Once the line holding "Badtz-maru x Care" appears, repeat it and each line after it to the end of the data, exactly and with nothing else; pictures stay out.

→ **COLLECTED DATA**:
-------

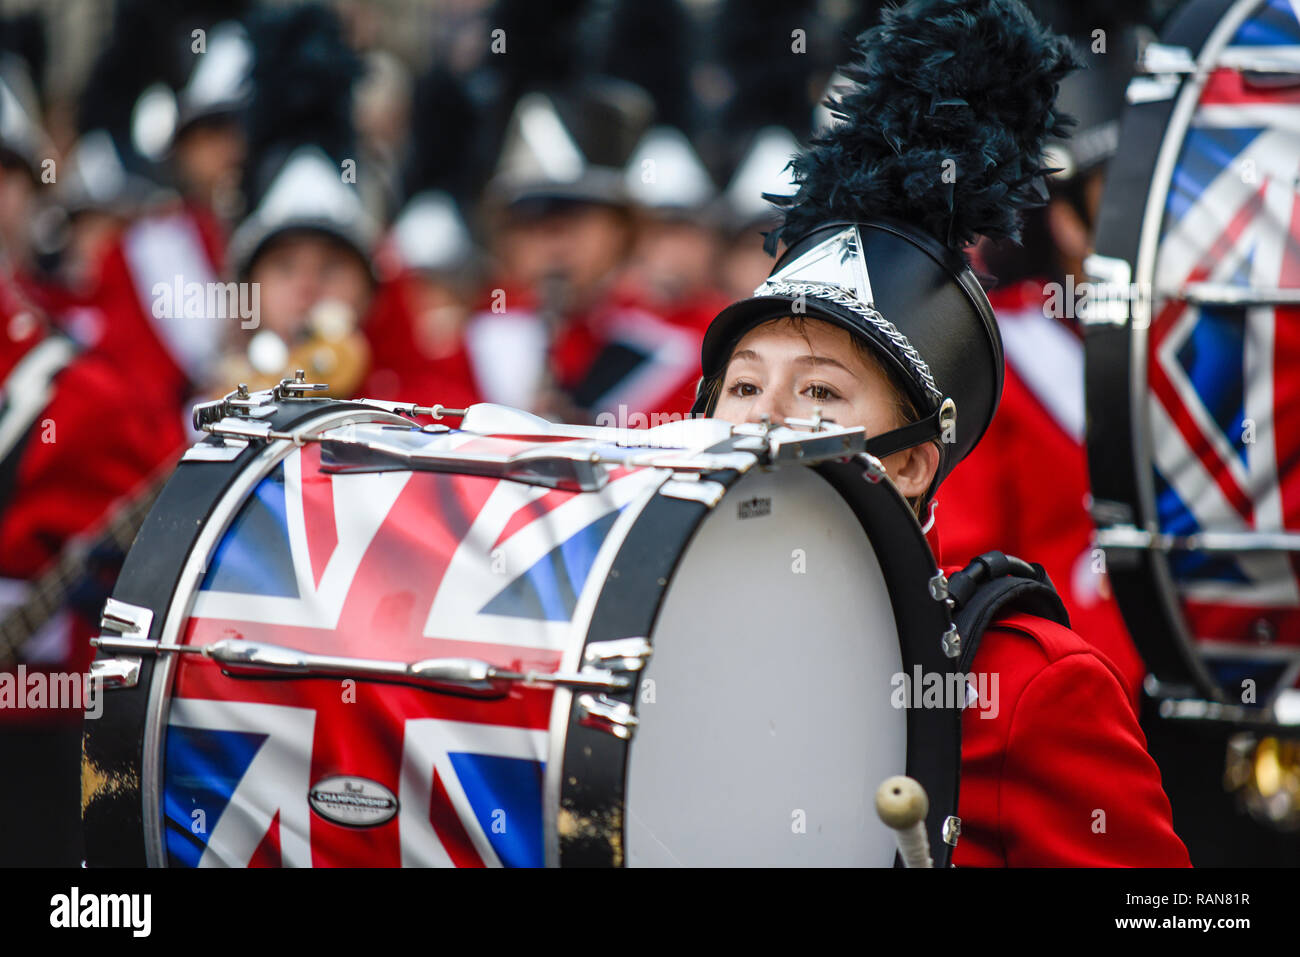 100 Seabreeze High School Marching Band aus Florida, USA, am Tag der Londoner New Year's Parade, UK. Weibliche Mitglied in die Band, Schlagzeuger Stockfoto
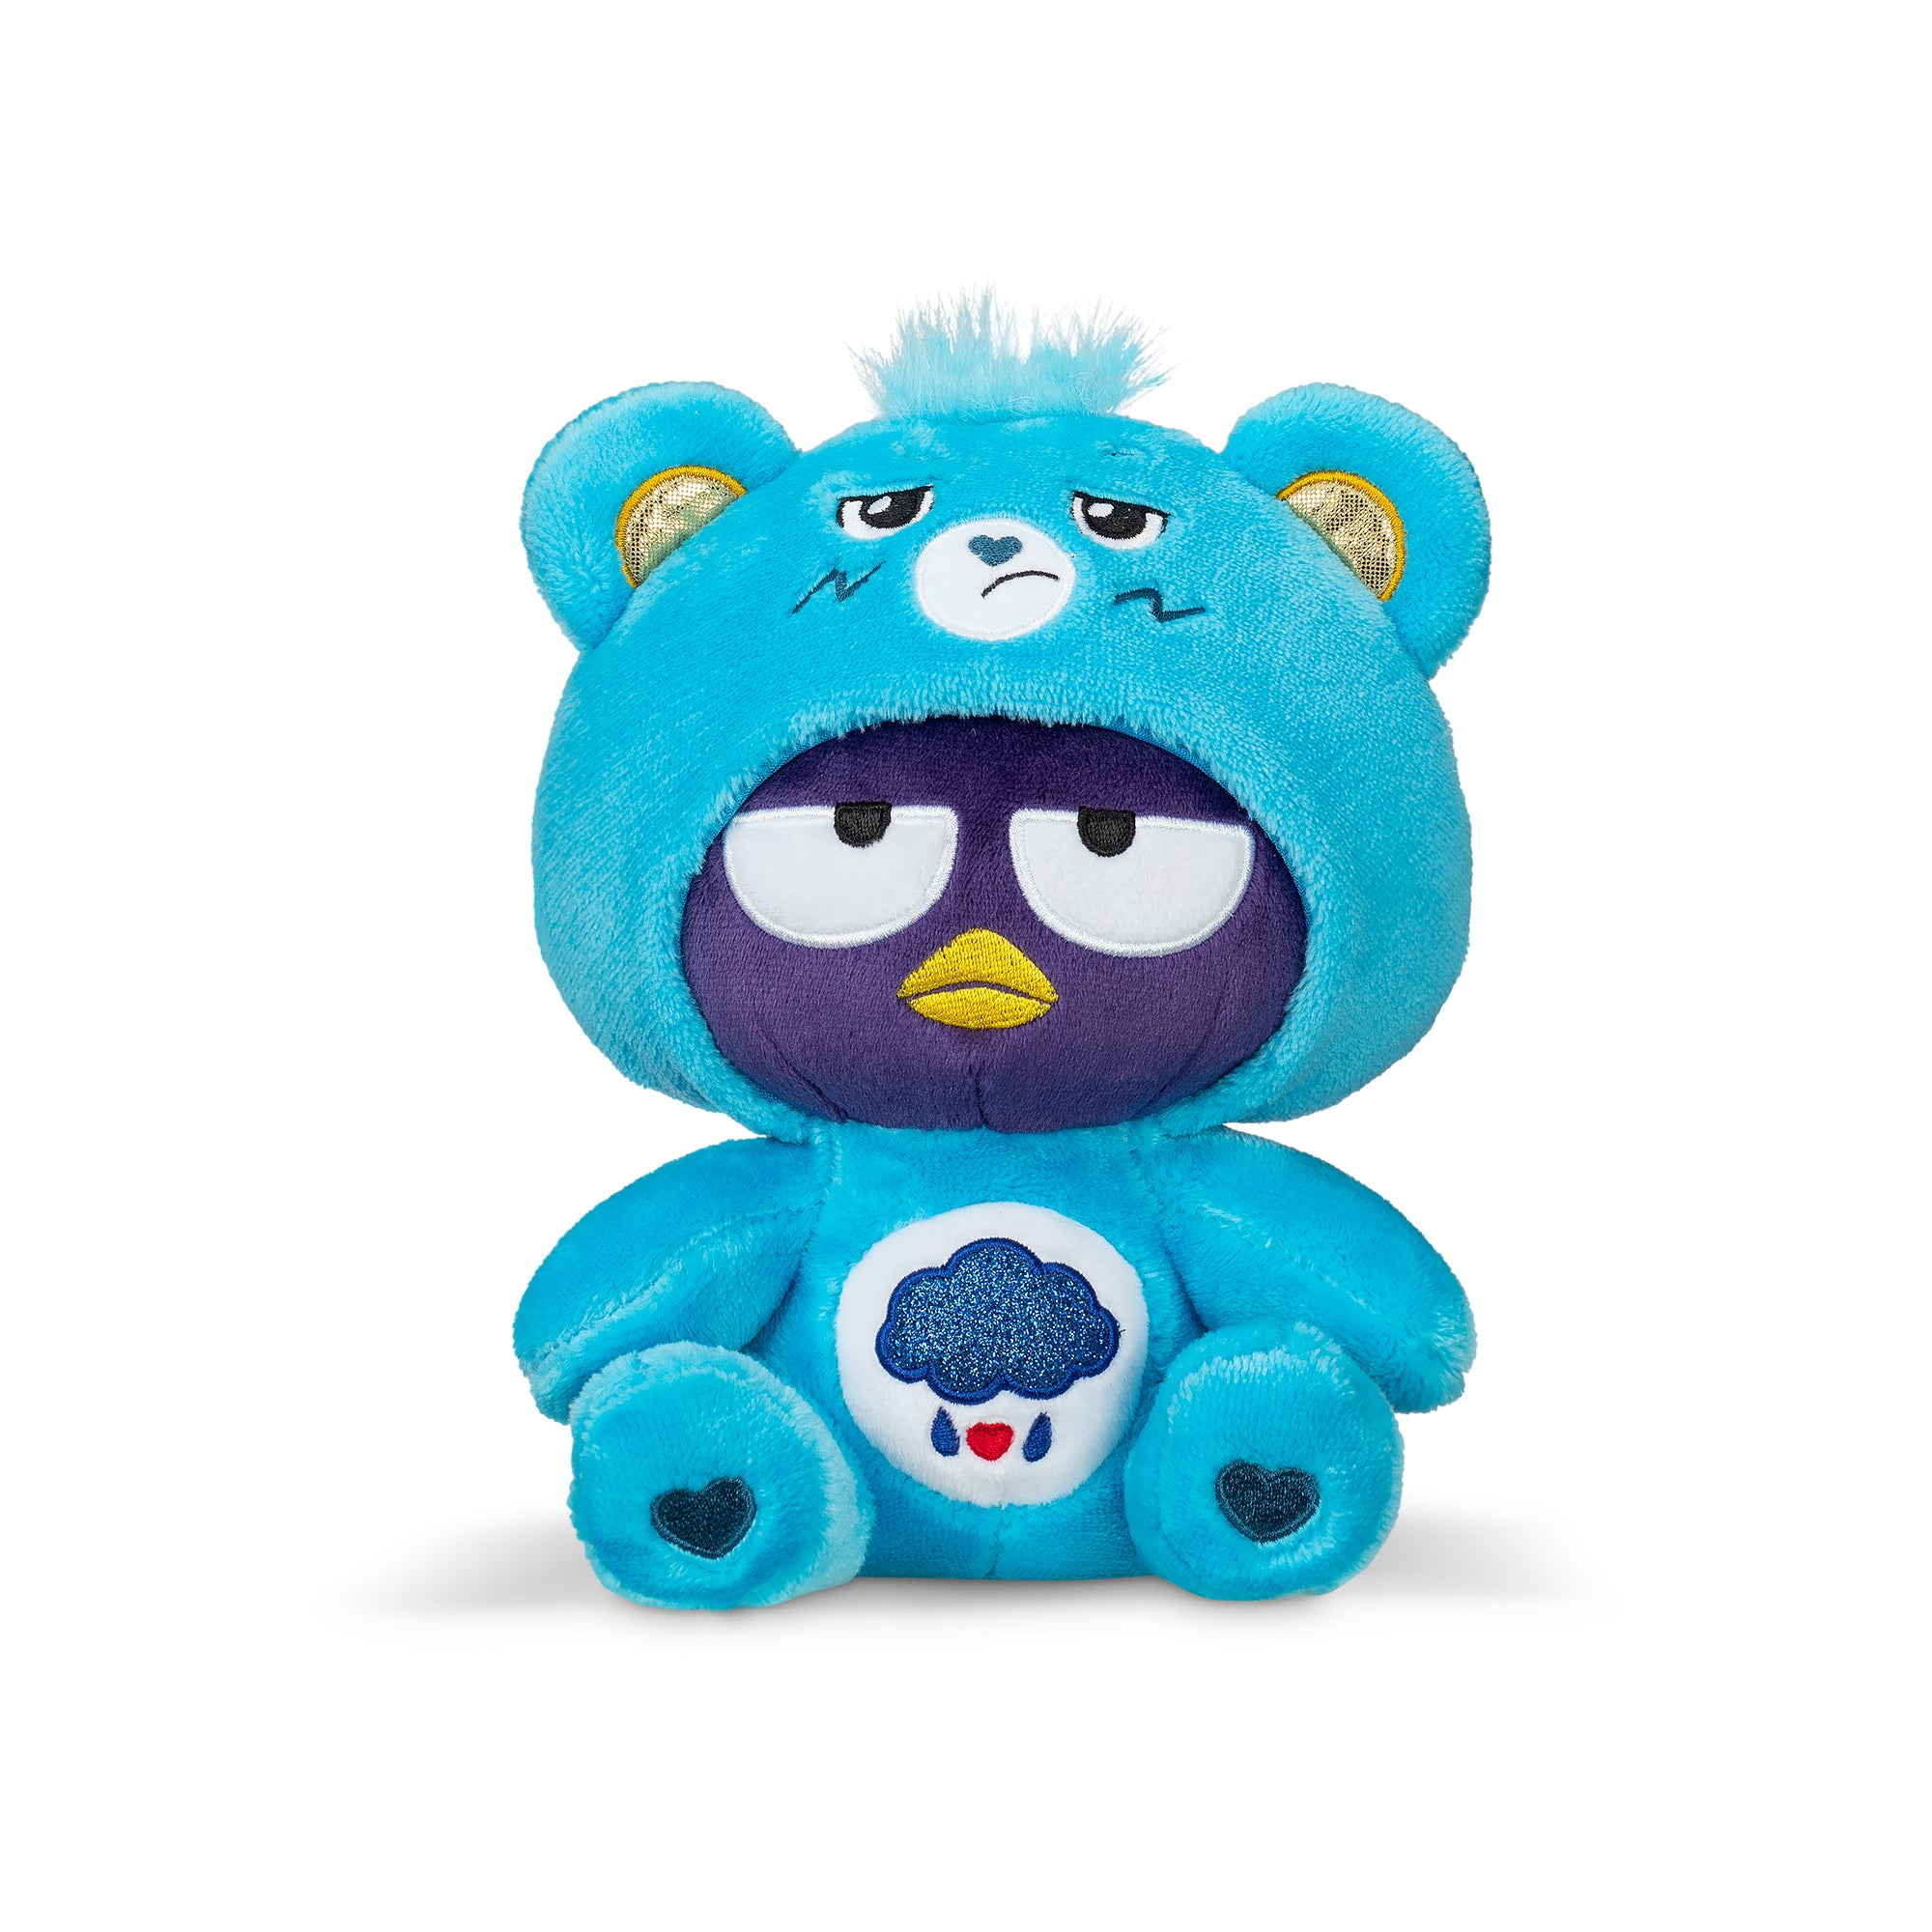 Badtz-maru x Care Bears 9" Plush (Grumpy Bear) Plush Basic Fun Inc   
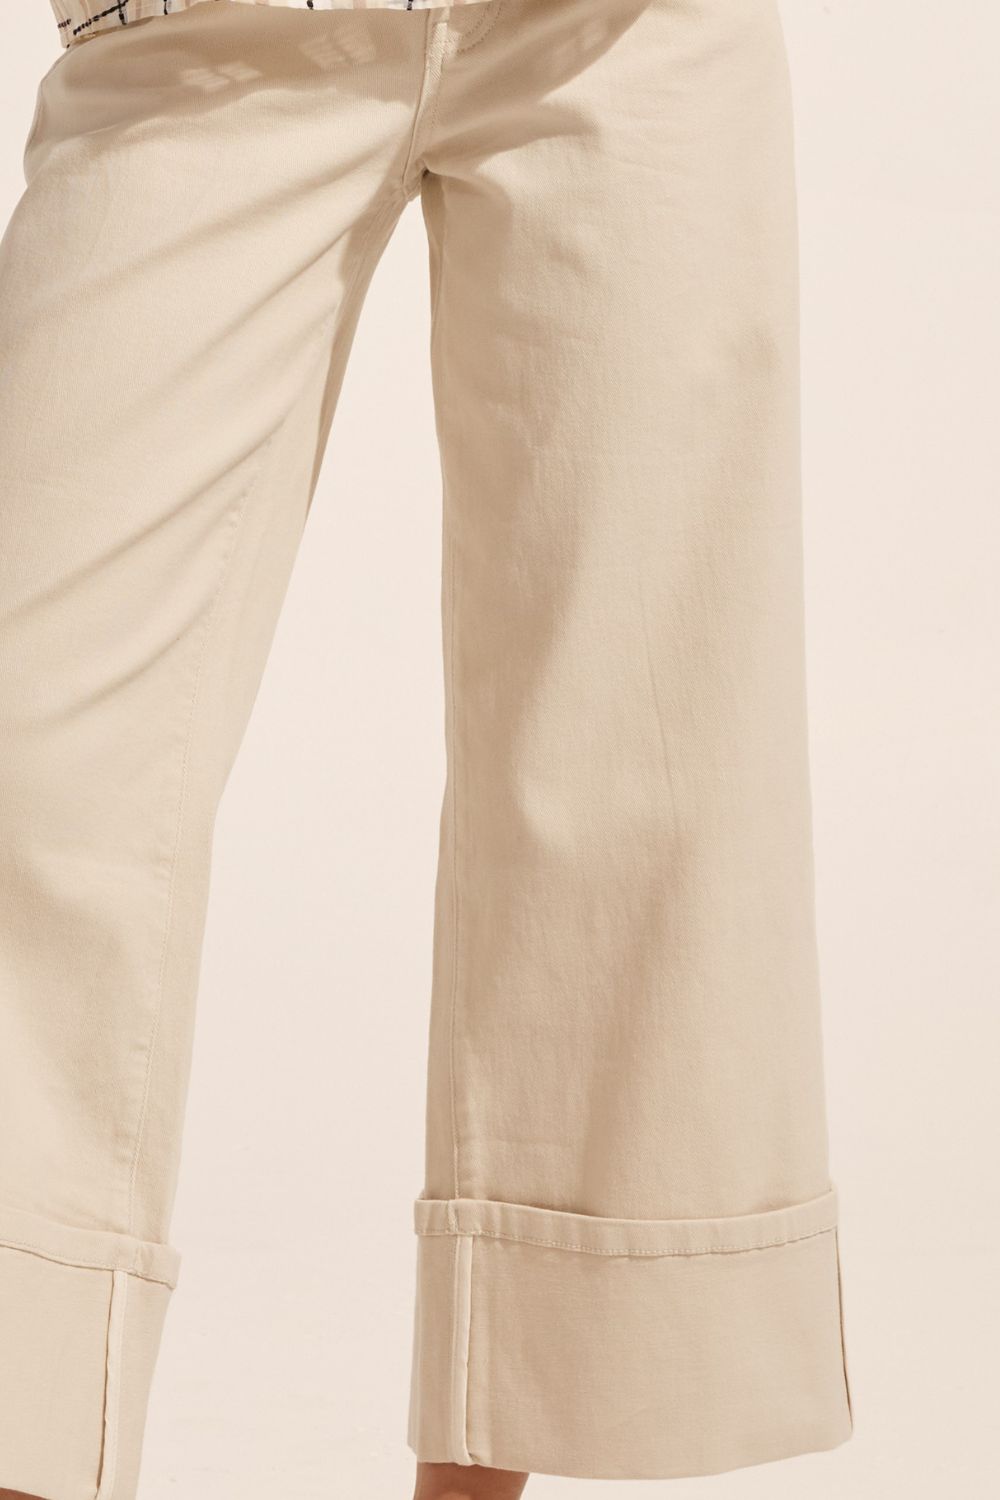 cream, pant, wide leg, deep cuff at hem, denim, high waist, close up image
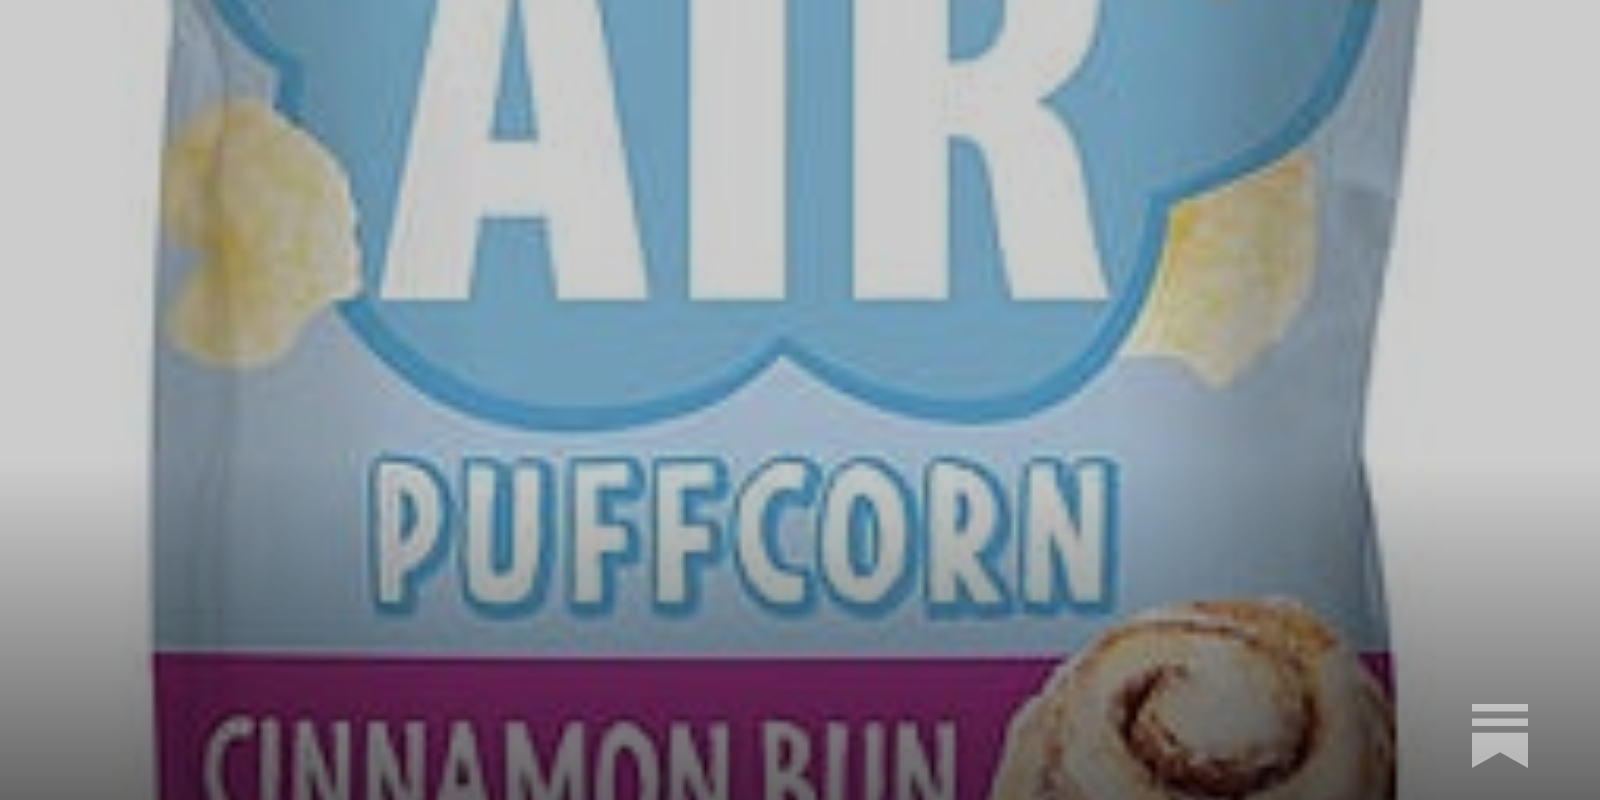 Like Air Cinnamon Bun Puffcorn - 14.0 oz

-------

→ **EXERCISE SOLUTION**:
 Badtz-maru x Care Bears 9" Plush (Grumpy Bear) Plush Basic Fun Inc   
 cream, pant, wide leg, deep cuff at hem, denim, high waist, close up image
 Like Air Cinnamon Bun Puffcorn - 14.0 oz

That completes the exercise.